Problem description: An exact copy of all the data is required, with pictures left out.

Data block:
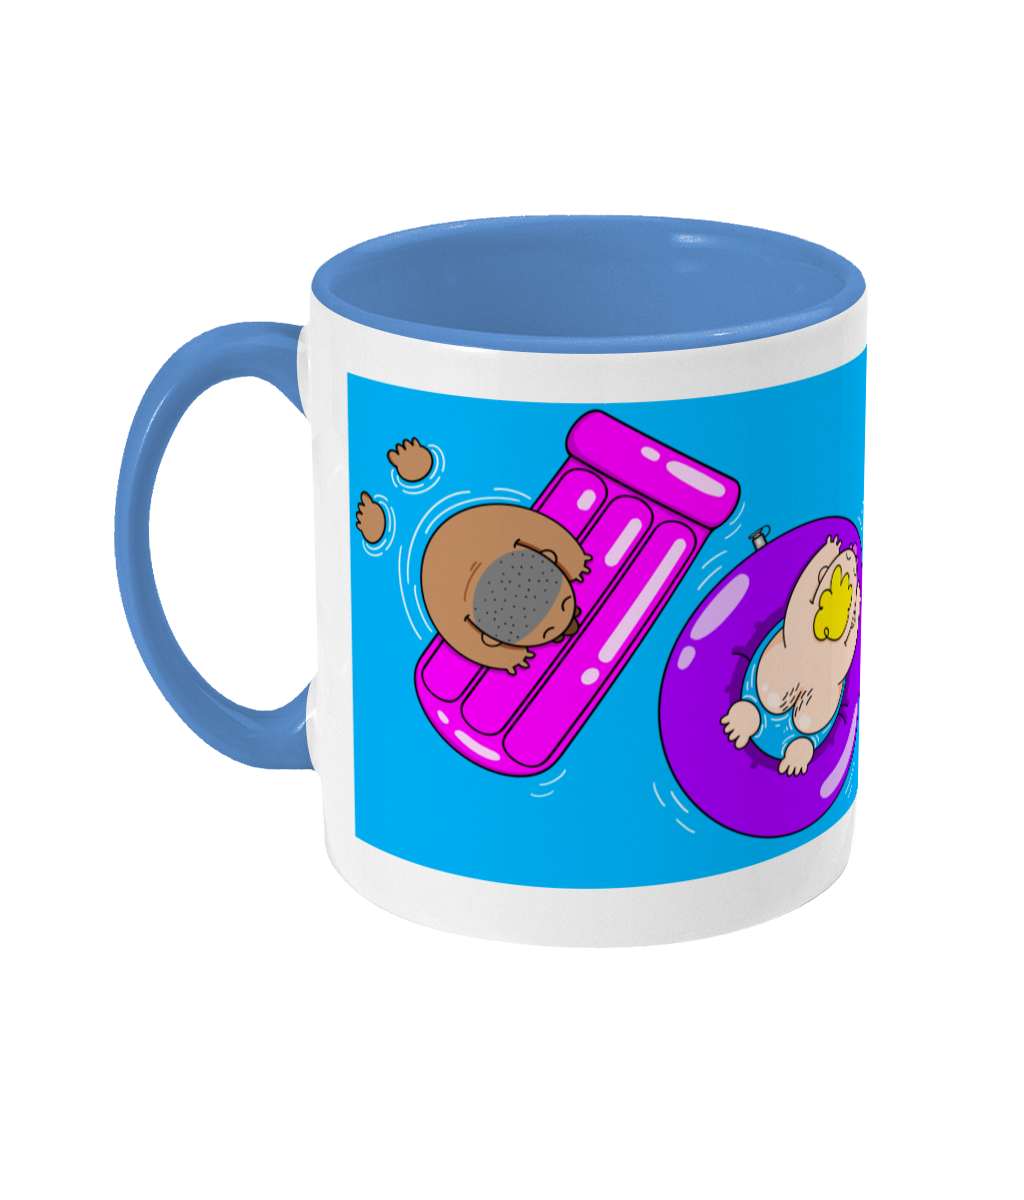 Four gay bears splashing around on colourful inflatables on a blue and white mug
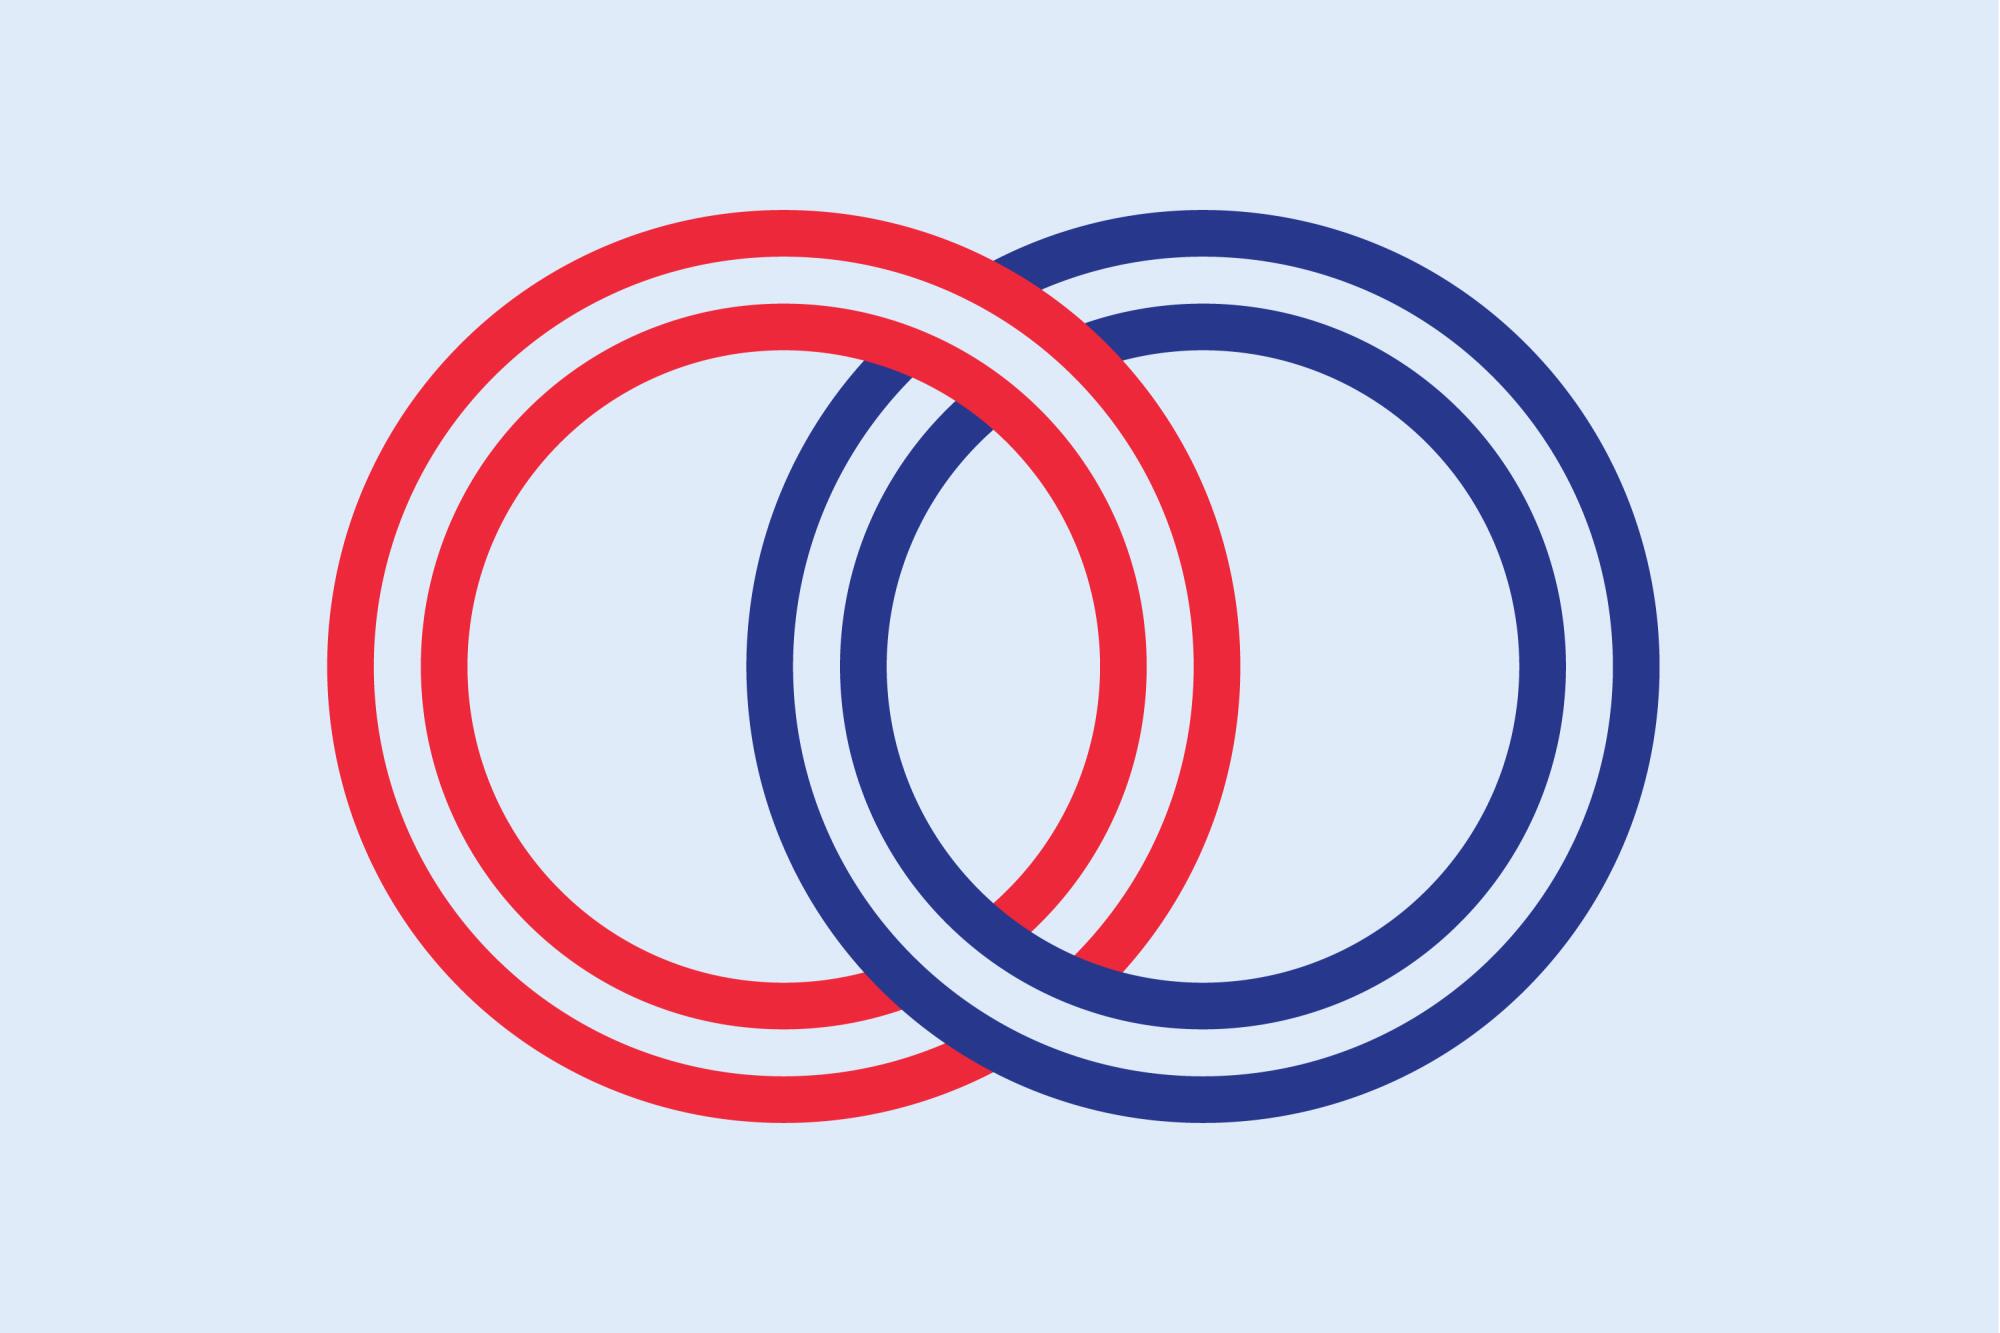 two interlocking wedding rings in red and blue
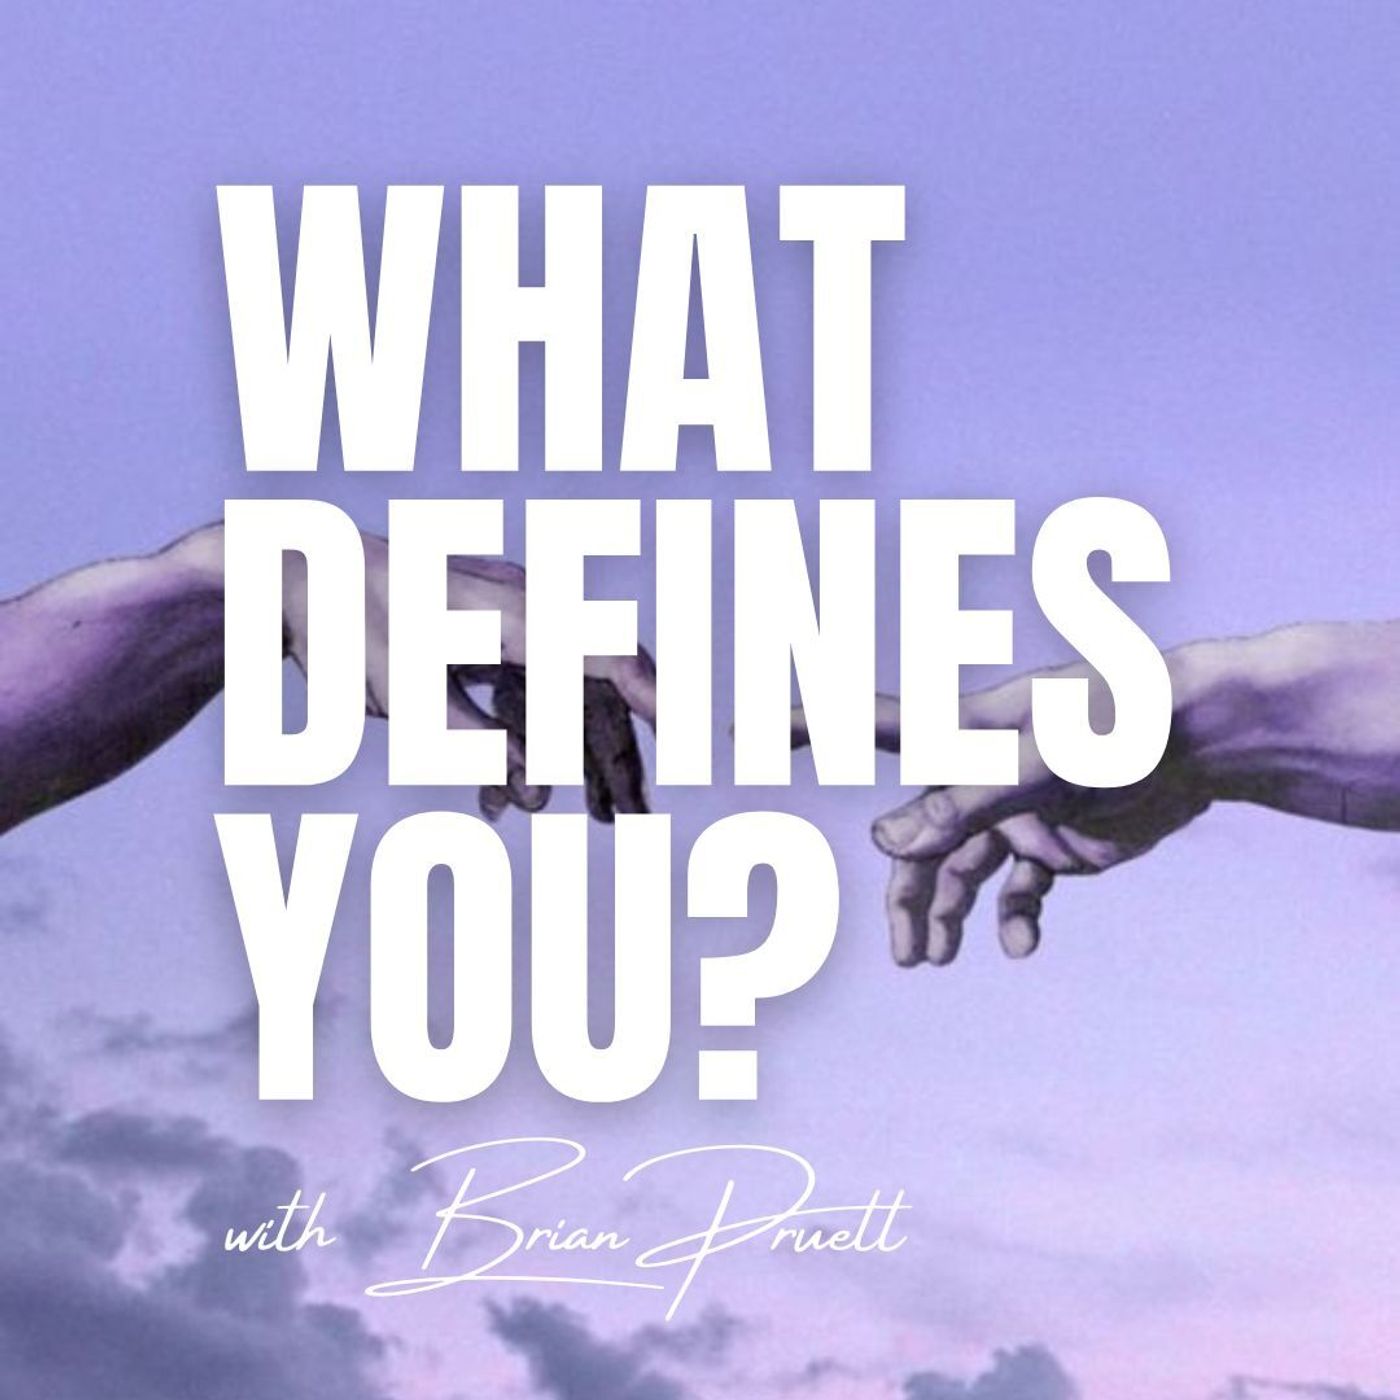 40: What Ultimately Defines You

Your solution:
 Four gay bears splashing around on colourful inflatables on a blue and white mug
 two interlocking wedding rings in red and blue
 40: What Ultimately Defines You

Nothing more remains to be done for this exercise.